My experience with my current book, Voodoo Histories by Aaronovitch, a big critic of conspiracy theory, winds up being somewhat parallel. The topics he brings up and the references end up be paradoxically useful, not infrequently to support a point somewhat opposite to his emphasis. This work process of sweeping through books in interesting, related areas and picking up things on the side is useful. Not something to continue forever, but it is helping…an odd mixture of discipline, structure, and randomness. The focus on the “conspiracism theory” debate is useful too.
Q: What is the difference between “conspiracy” and “the results of hidden, non-authorized agendas working in synergy”. For some people those are almost the same thing, and for others, they are different like night and day. Explaining the difference and how the latter comes about without the former is very relevant too.

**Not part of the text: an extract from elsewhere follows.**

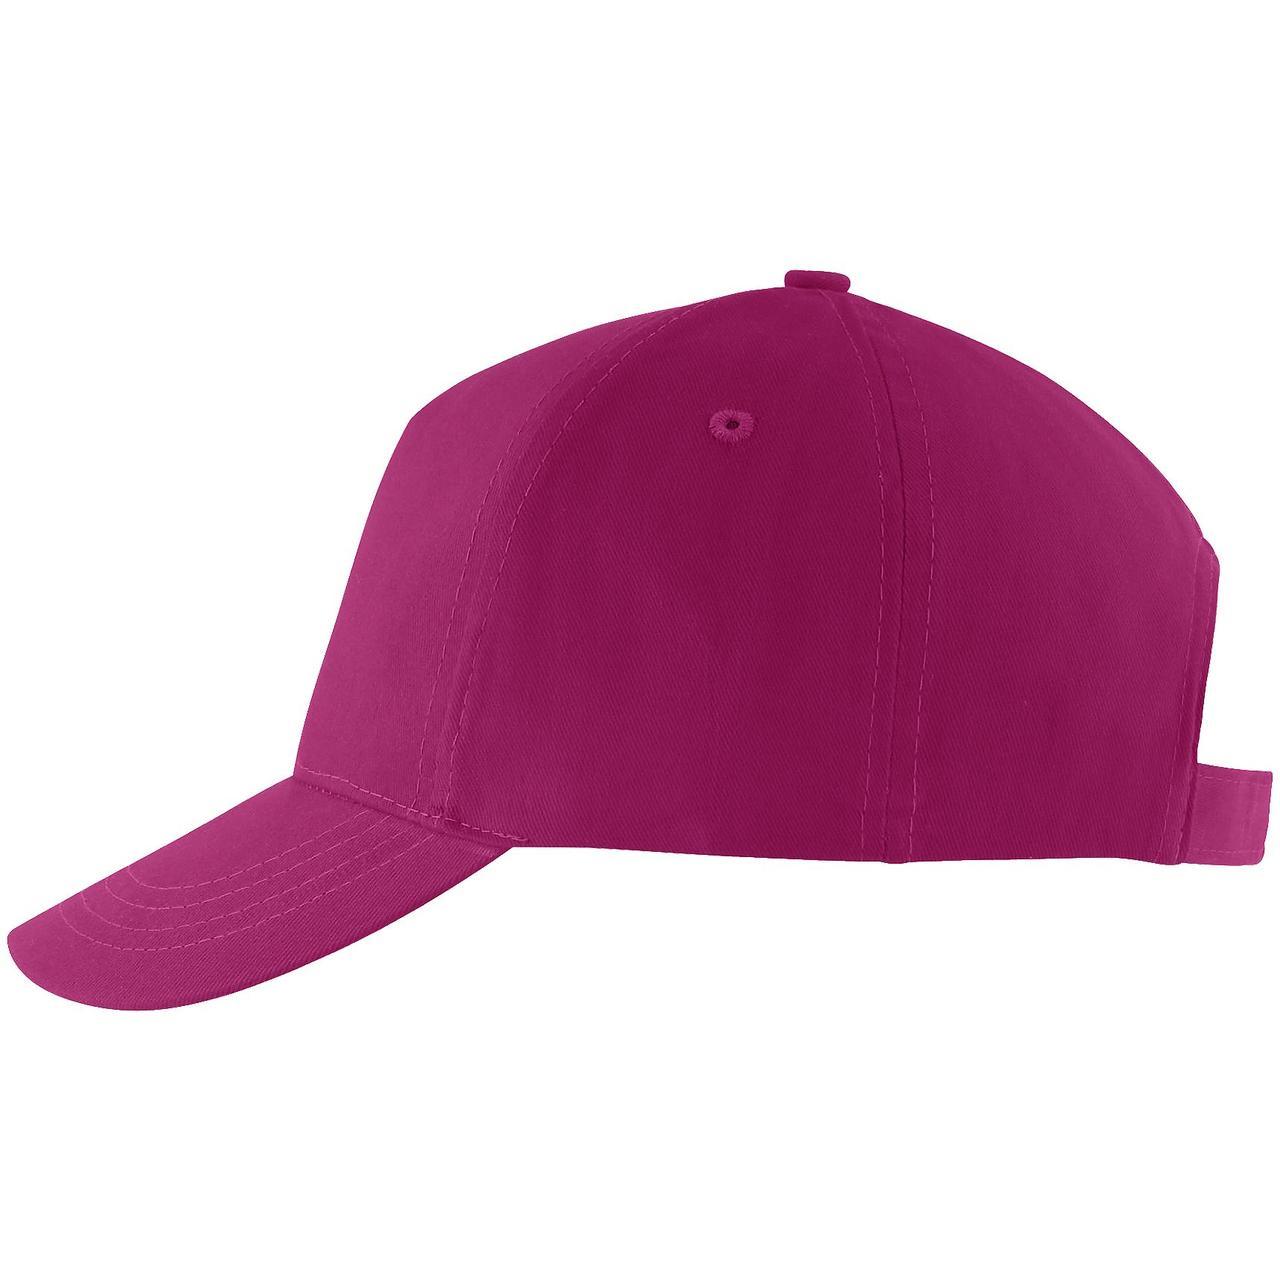 Бейсболка Buzz, ярко-розовая (фуксия) (артикул 6536.57)

Apart from my book reading, I watched part of another Episode of the Netflix Truth & Power series while readying lunch – this one on the story of Stingray surveillance and Daniel Rigmaiden’s discovery of that. This turned out to be a good chapter for my theme. “How did you learn about this widespread Stingray practice of FBI and local law enforcement? From your legislature? No. From reporters investigating? No. From inside whistleblowers? No. You found out from a smart guy in prison who was trying to figure out how he got caught and see whether there were some civil rights violations to help his defense. He used his rights as an accused to acquire the info and put it together.” Society and it’s theory of “I would have heard” should be able to see they’ve got a problem when that is the mechanism by which they come to learn of such things.